The Chicago Teachers Union

Teachers Union CompromisesEarly Tuesday afternoon in April of 2012, the Chicago Teachers Union recognized the major’s decision to shift his longer school day stance slightly. Rather than demanding the school day be kept at 7 ½ hours for most public elementary schools in the area, it would be reduced to 7 hours instead. Even with this thirty minute difference, the Teachers Union still stated that the mayor needs to continue with the compromising process.

With over 30,000 members the Chicago Teachers Union is a powerful voice in education and other education-related issues in Illinois today. It is a labor union that represents a variety of teachers in the public school system, and is an affiliate of the American Federation of Teachers. President Karen Lewis serves as president of the Chicago Teachers Union, and her leadership position played an important role in the proceedings of whether the school day should be shortened during an educational issues meeting this past April.

The Teachers Union Motion for Shorter School Days

According to Karen Lewis, who spoke at the union’s headquarters, “Once again, Chicago Teachers Union has been proven correct. Today, the mayor moved his toe an inch from the line.” Yet she added that it is important these changes in education not be done to simply appease the union or as a political slogan, but to serve as a solid educational plan for students, teachers, and parents.
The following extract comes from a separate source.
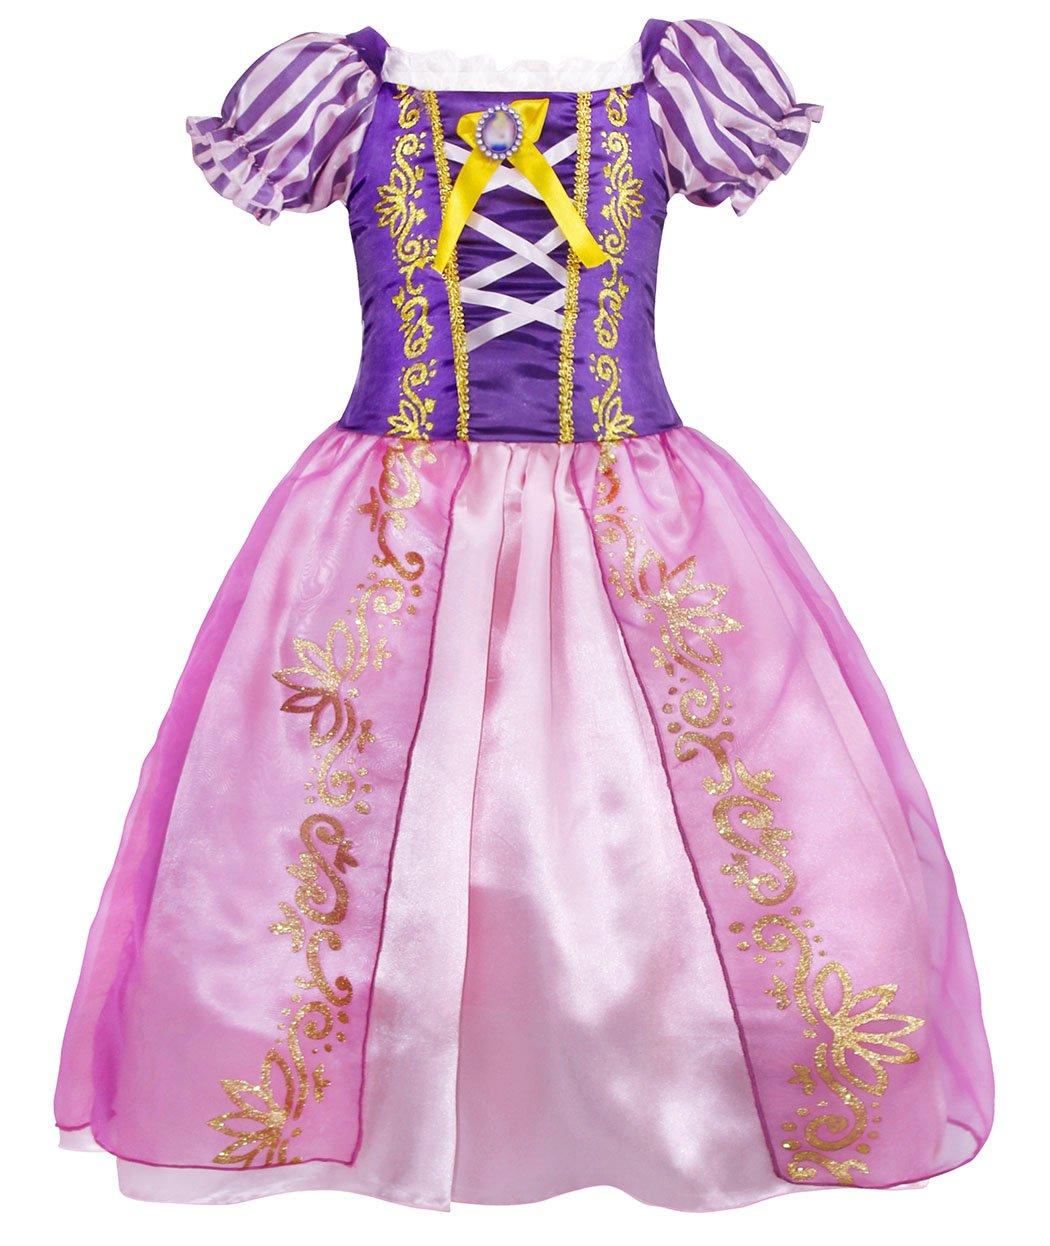 - 71mZYJerAtL - Cotrio Rapunzel Dress Up for Girls Halloween Princess Costume Birthday Theme Party Dresses

The president went on to say, “Now that the mayor is starting to listen to parents, teachers, and research regarding the pitfalls of the longer school day program being pushed in school districts across the country, it is now time he used both ears to hear everything we are saying about the types of schools our children deserve.” Ultimately, it is not only the length of the school day that matters, but how well the school uses its time to help students learn and develop those important skills.

Need for More Compromise in Education in the Future?

Even with this step toward a shorter school day, the Chicago Teachers Union is still working toward making new compromises with Mayor Emanuel. They believe that parents and students would work better with a 6 ½ hour school day, which is closer to the 6 hour average in the state of Illinois. The union also points out that in light of the big budget issues and problems facing education today, the city will need to pay—and state how exactly they will pay—for that extra time being spent in school.

Although there are benefits to a longer school day and disadvantages to a shorter school day—and vice-versa—a recent survey helps recognize teacher standards in work days and the great responsibility and effort involved in the professional career. On average, teachers work for nearly eleven hours during a standard school day, and then spend another two hours at home preparing lessons and work for the following day. Teachers work on average almost another four hours on schoolwork on weekends, and a little over 58 hours per week during the school year itself. Hopefully a compromise in education concerning a shorter or longer school day for both the mayor of Chicago and the Chicago Teachers Union will be reached in the near future.